Data section:
· · · ·
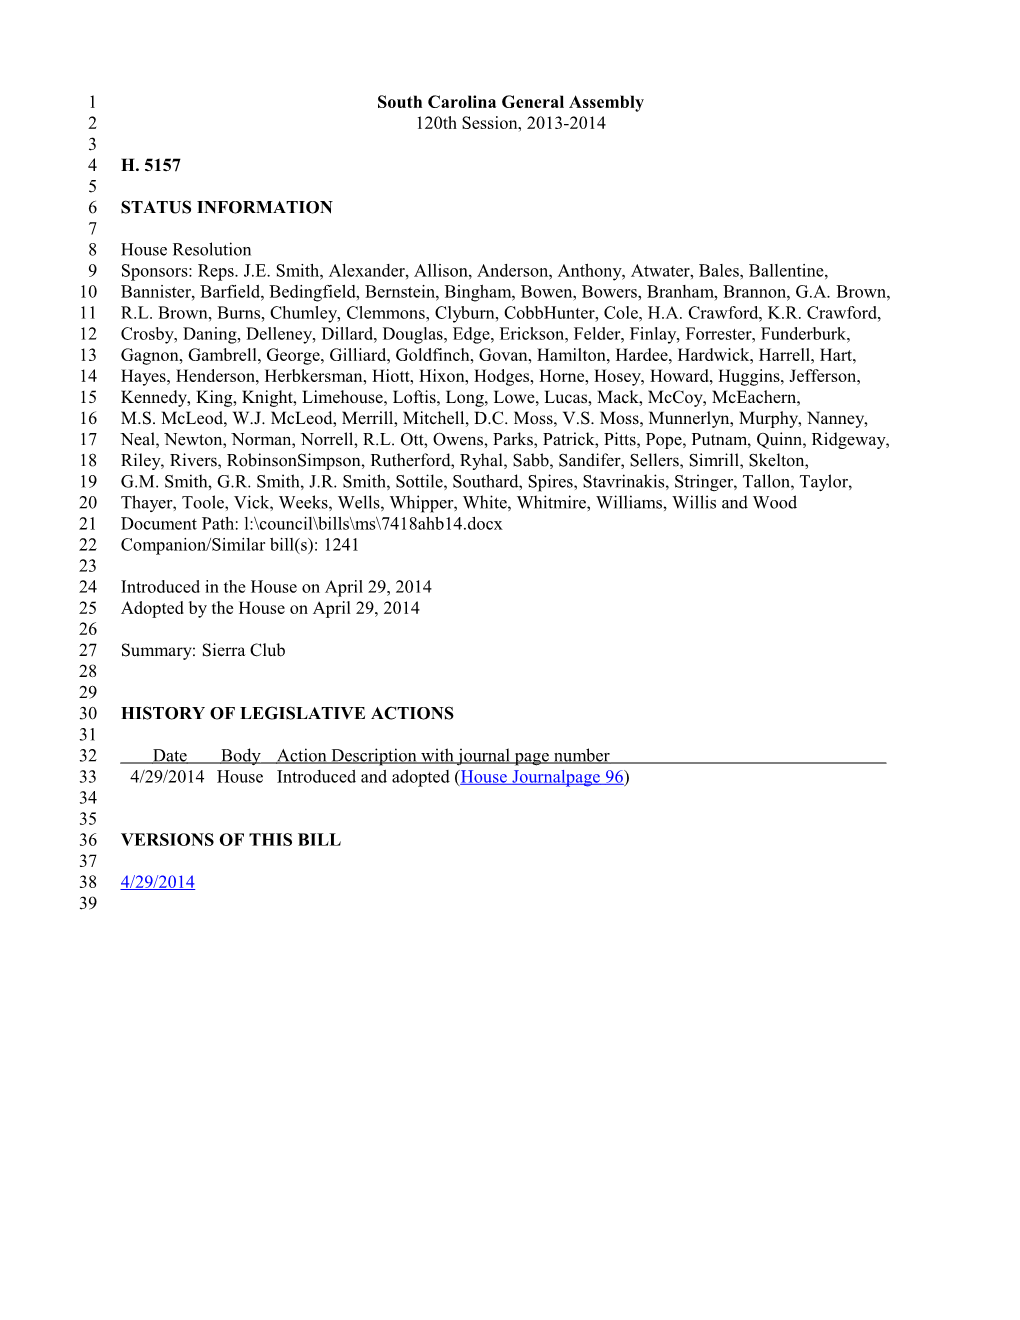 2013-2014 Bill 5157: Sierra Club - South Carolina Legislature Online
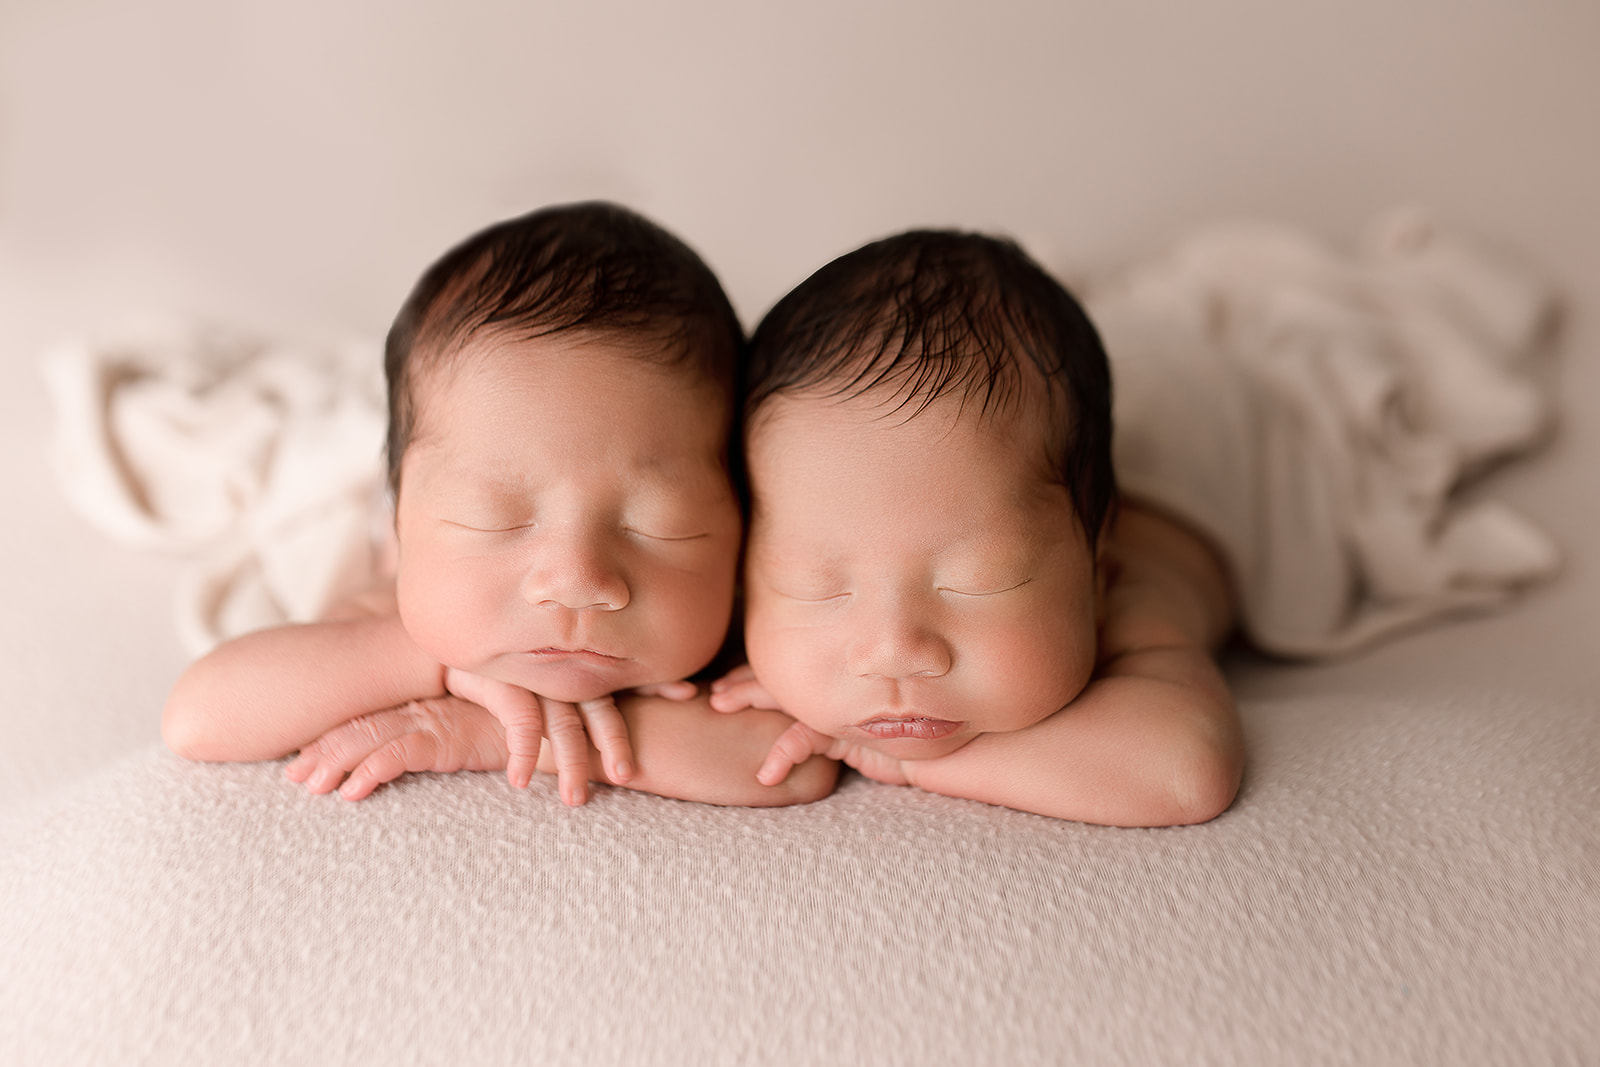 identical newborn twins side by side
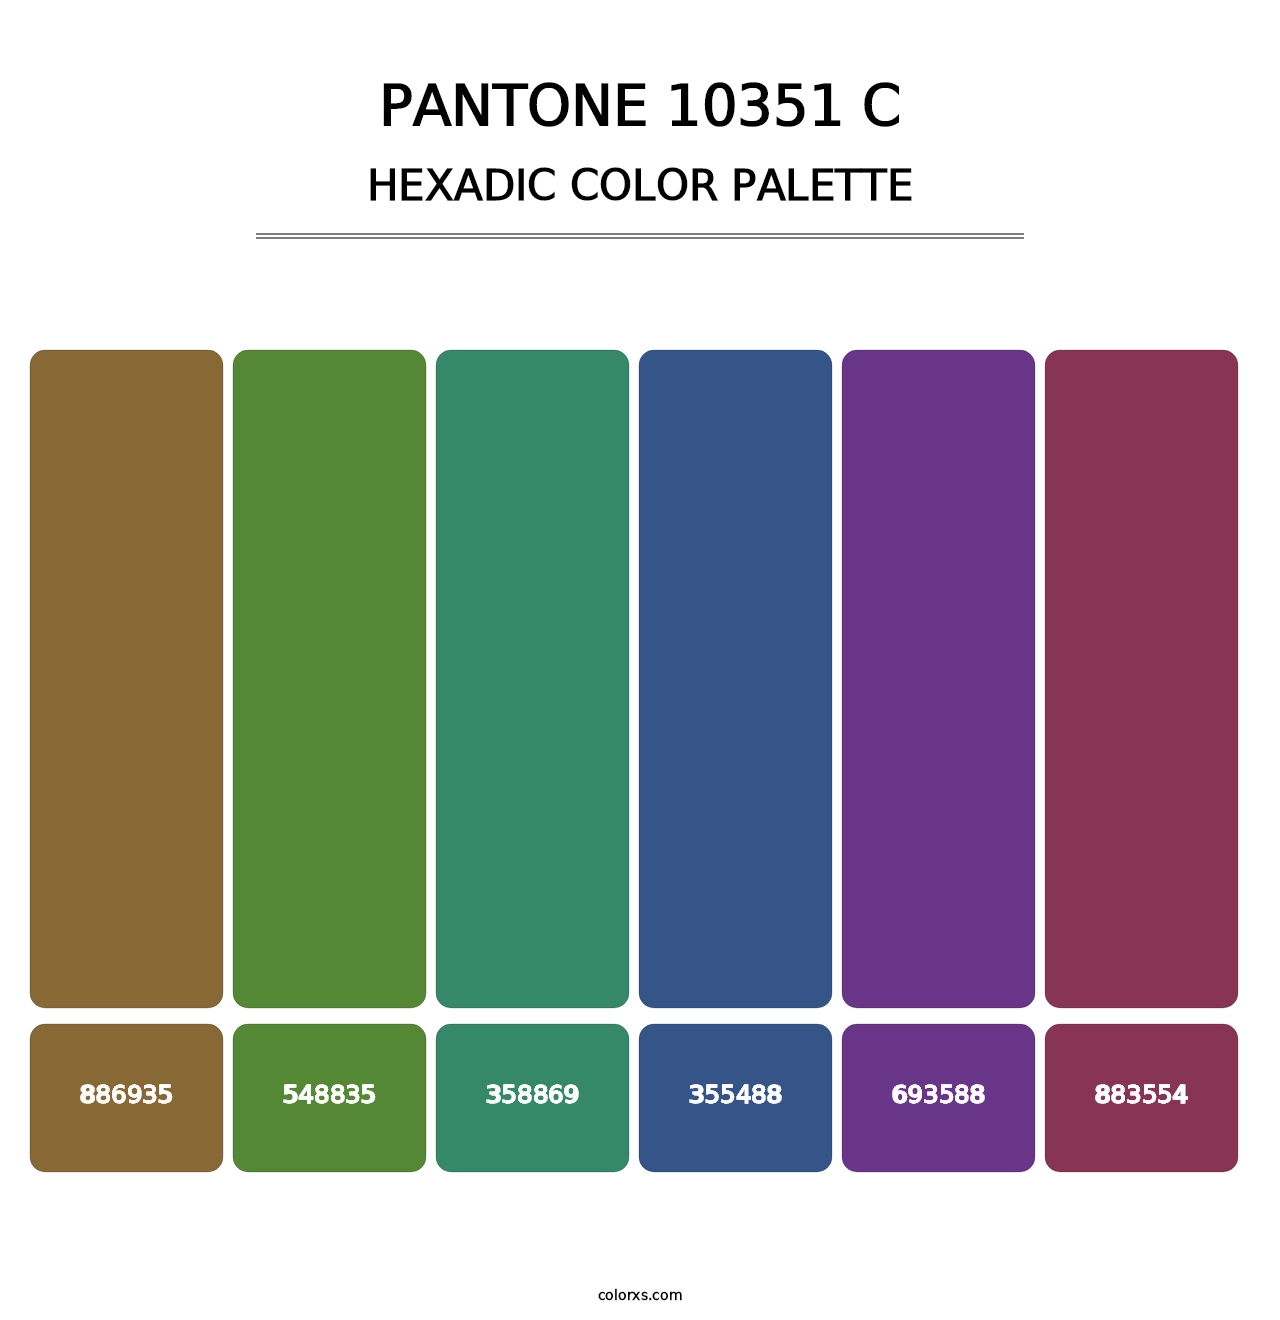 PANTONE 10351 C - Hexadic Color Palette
· · · ·
Instructions to follow: Copy the material exactly. Do not include the pictures.

Problem solution:
 2013-2014 Bill 5157: Sierra Club - South Carolina Legislature Online
 identical newborn twins side by side
 PANTONE 10351 C - Hexadic Color Palette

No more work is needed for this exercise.